Raw Machine Translation and Intellectual Property Rights (IPR) Work

One day in the life of a patent professional

104 patent documents. That was the number Sven needed to review before meeting with the technical team the next week.

The 104 documents came from Sven’s patent search. Now he had to work through each of them to determine whether it was relevant in the team's evaluation of whether their newest invention (code name Titan) should be patented. Finding all of the relevant existing patent documents, including already granted patents and patent applications, was key to ensuring that no resources were wasted writing a patent application for a new product or invention that was not novel and therefore not patentable. In fact, missing a relevant document was one of the bigger risks Sven faced, which is why patent searches had to be thorough. This one required a variety of search techniques, several iterations of searching, and a full 12 hours to complete. It was a bit like your basic Google search on steroids.

Sven’s next step was to review all 104 documents and mark the ones he didn’t think were relevant, meaning that they didn’t seem to have similarities or features that overlapped with Titan. Normally this step would be done by the technical team but just now they were very busy, so he agreed to do the first review. Although as the patent professional, he had better knowledge of the patent genre, the technical experts knew the technology better.
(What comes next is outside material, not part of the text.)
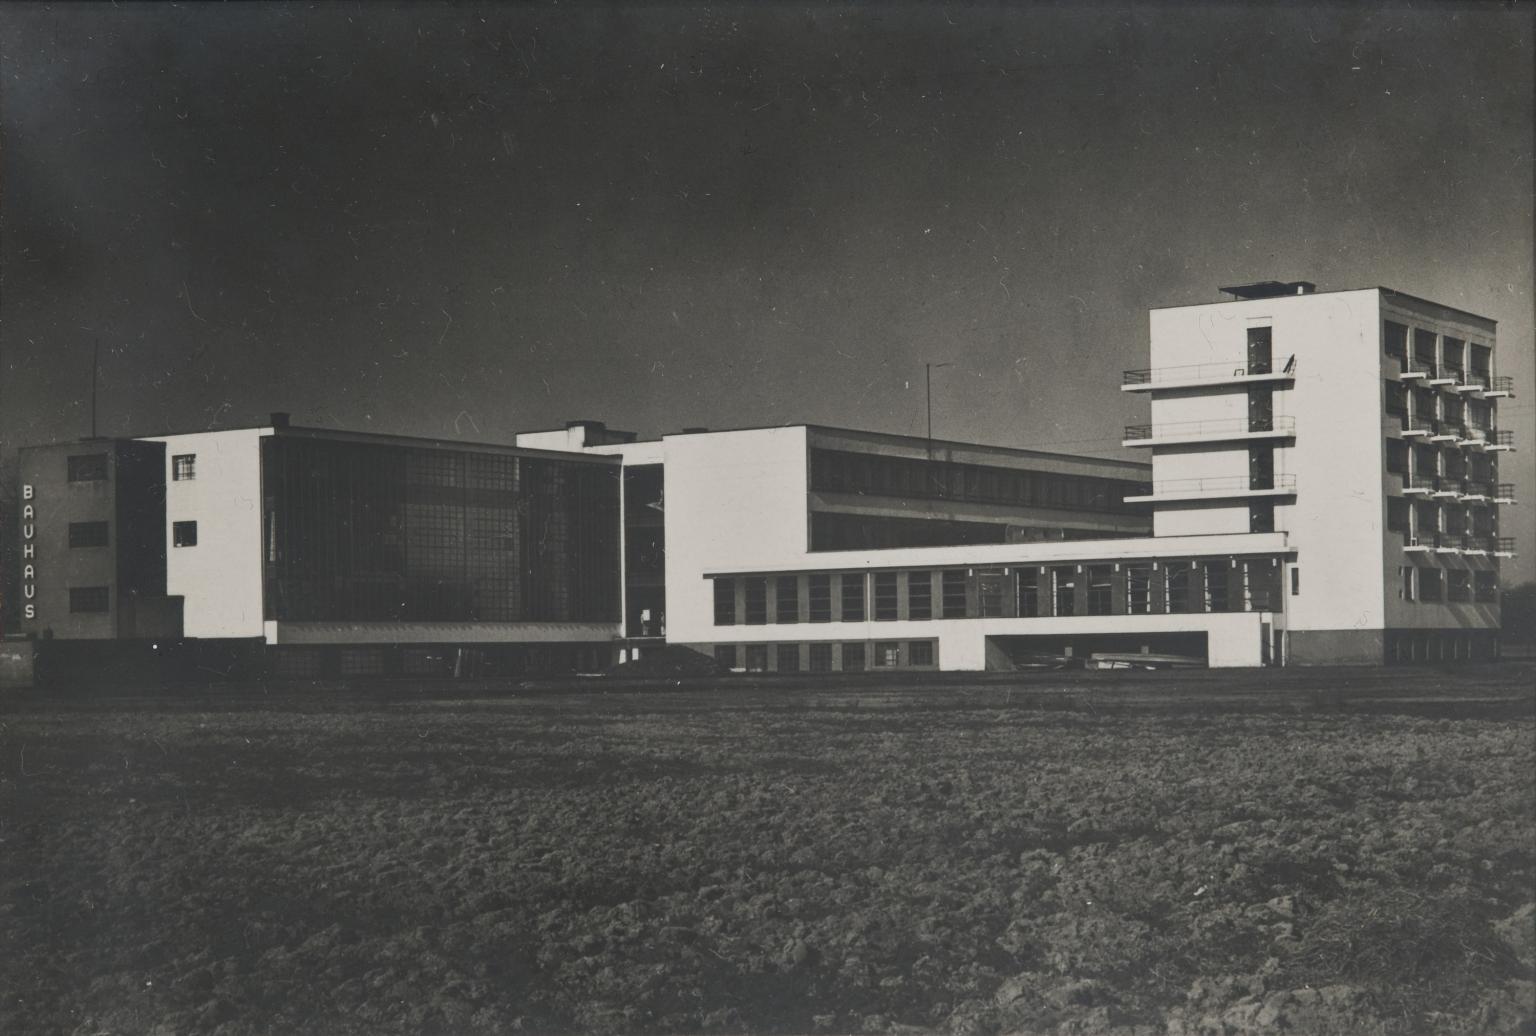 Tocho t8 lucia shulz moholy 1894 1989 bauhaus o a la for Bauhaus haus

It took both sides’ opinions to make a good judgement and that is why they would meet the next week to discuss it.

Of the 104 documents to be reviewed, 41 were in languages other than English: 27 were in Chinese, 6 in Japanese, 4 in Korean, 3 in German and 1 in French. Sven was as responsible for reviewing the content of these documents as he was for the English-language ones.

The German ones were easy since Sven’s German was good enough so that could read it directly and understand almost everything. The few terms he didn’t know, he threw into machine translation (MT).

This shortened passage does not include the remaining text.